Exact copy, pictures excluded: the lines from the one containing "Borsa Bing borsetta" to the end of the listing.

▶ _GIVEN DATA_
BEGIN

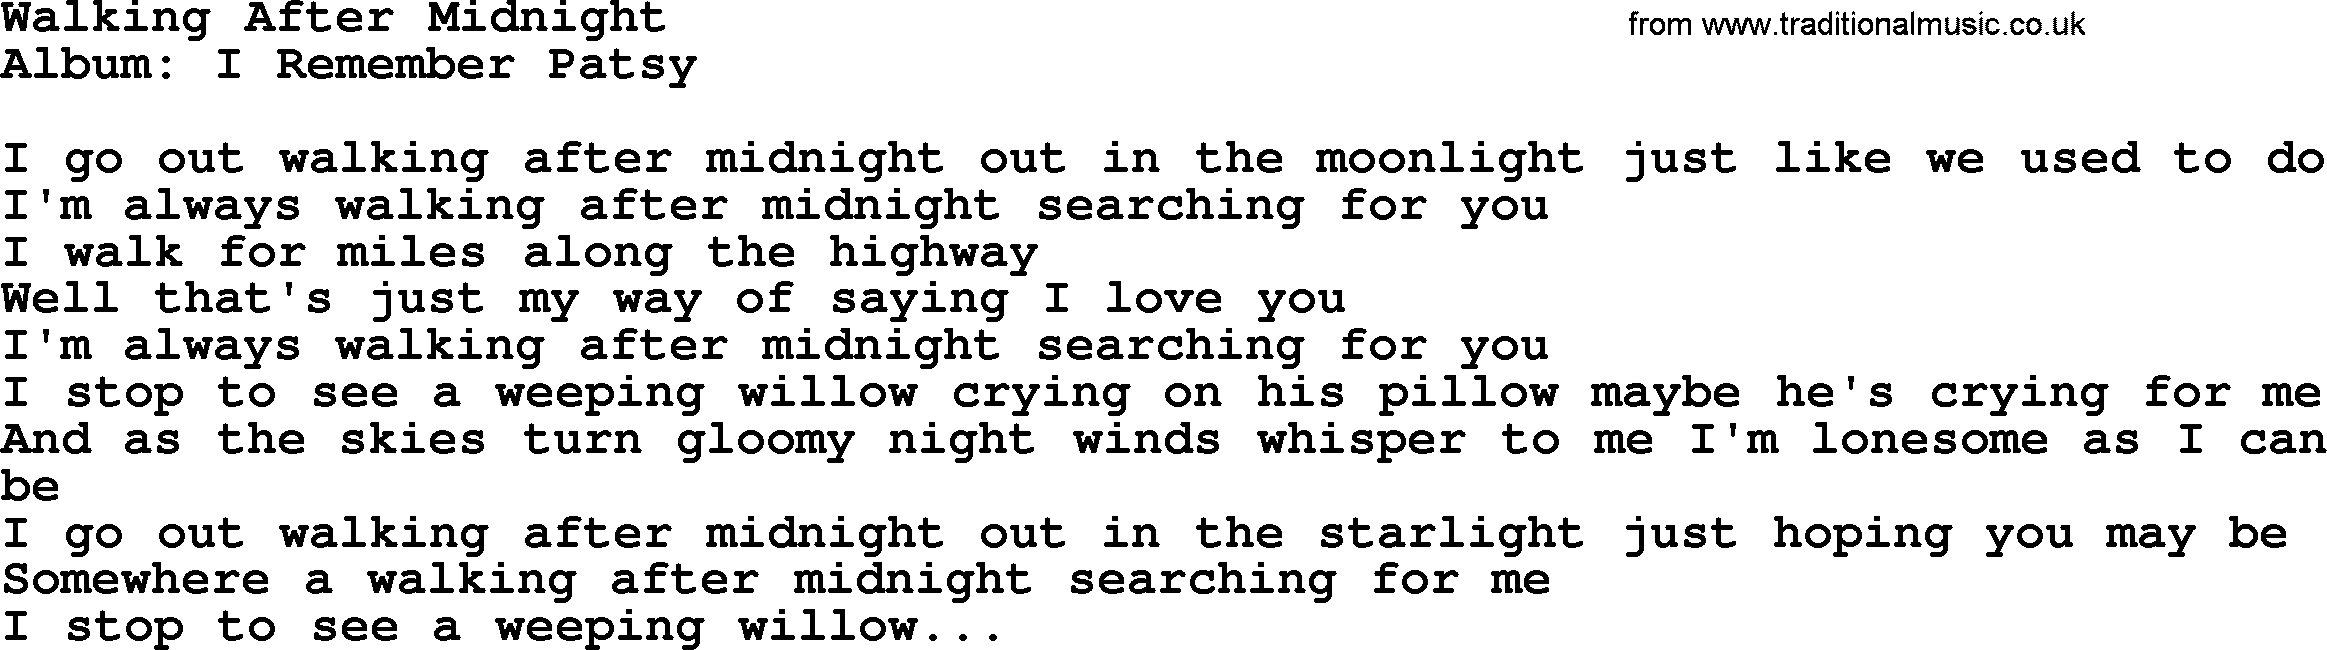 Loretta Lynn song: Walking After Midnight lyrics
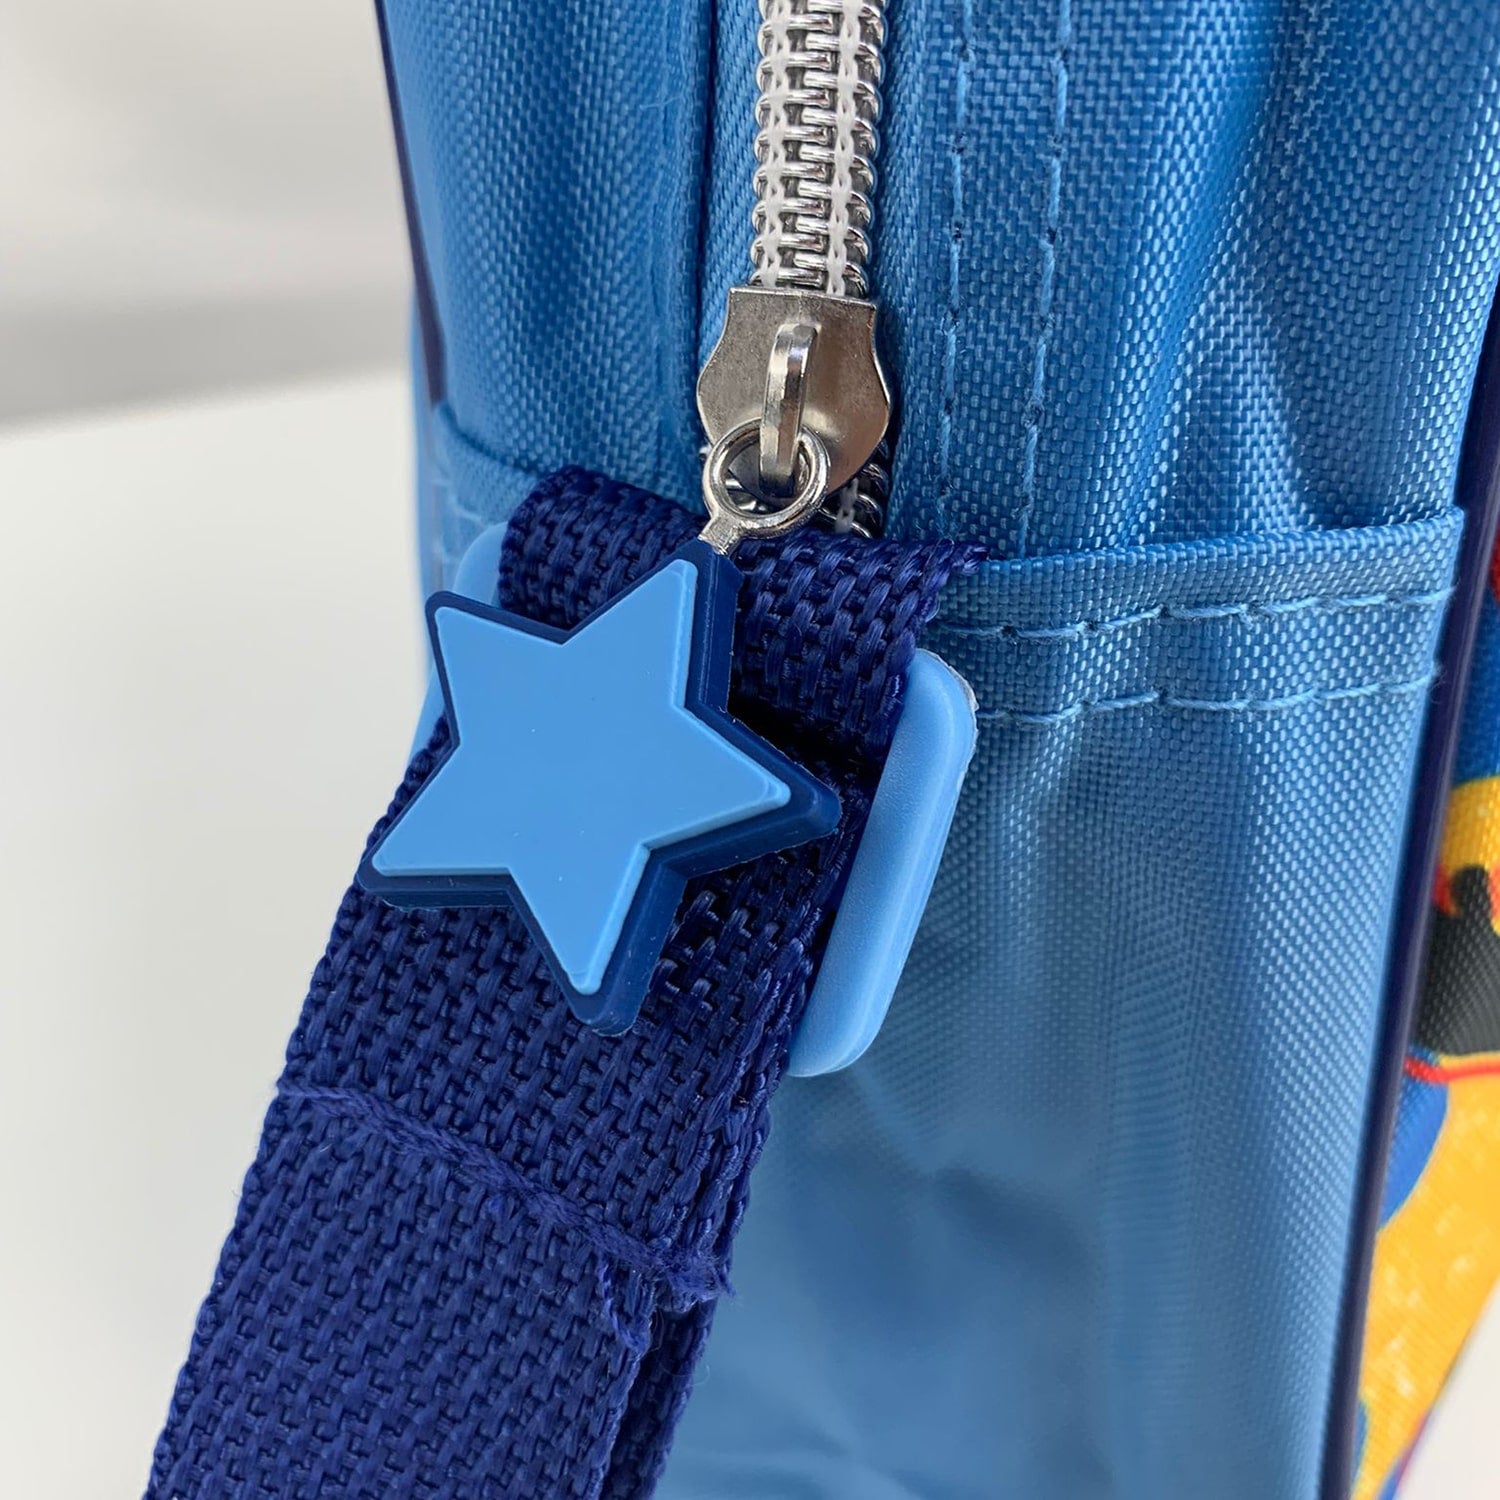 Borsa Bing borsetta tracolla regolabile e zip per bambino Scuola bambini 4310
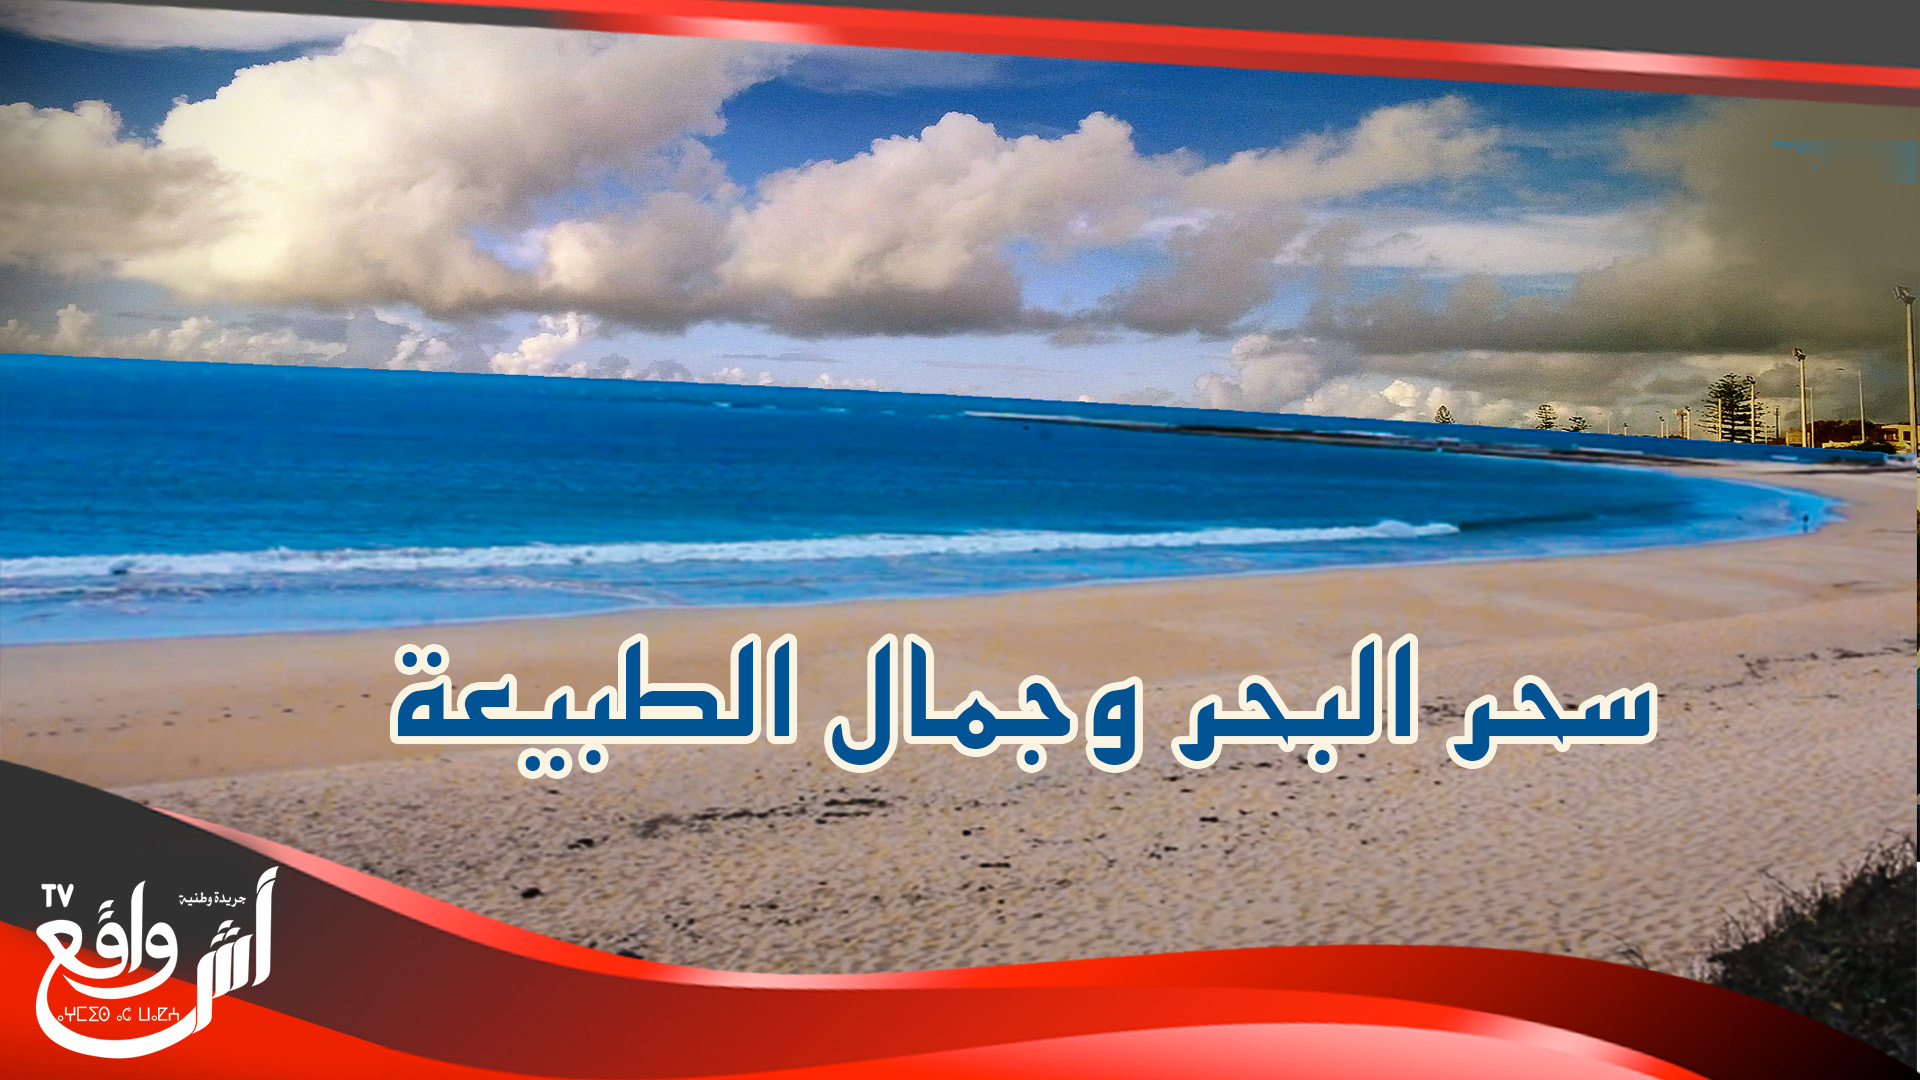 هكذا أصبح شاطئ منتجع سيدي بوزيد بعد إعلان الجديدة ضمن المنطقة 2...سحر البحر وجمال الطبيعة

END

▶ _TASK OUTPUT_
 Borsa Bing borsetta tracolla regolabile e zip per bambino Scuola bambini 4310
 هكذا أصبح شاطئ منتجع سيدي بوزيد بعد إعلان الجديدة ضمن المنطقة 2...سحر البحر وجمال الطبيعة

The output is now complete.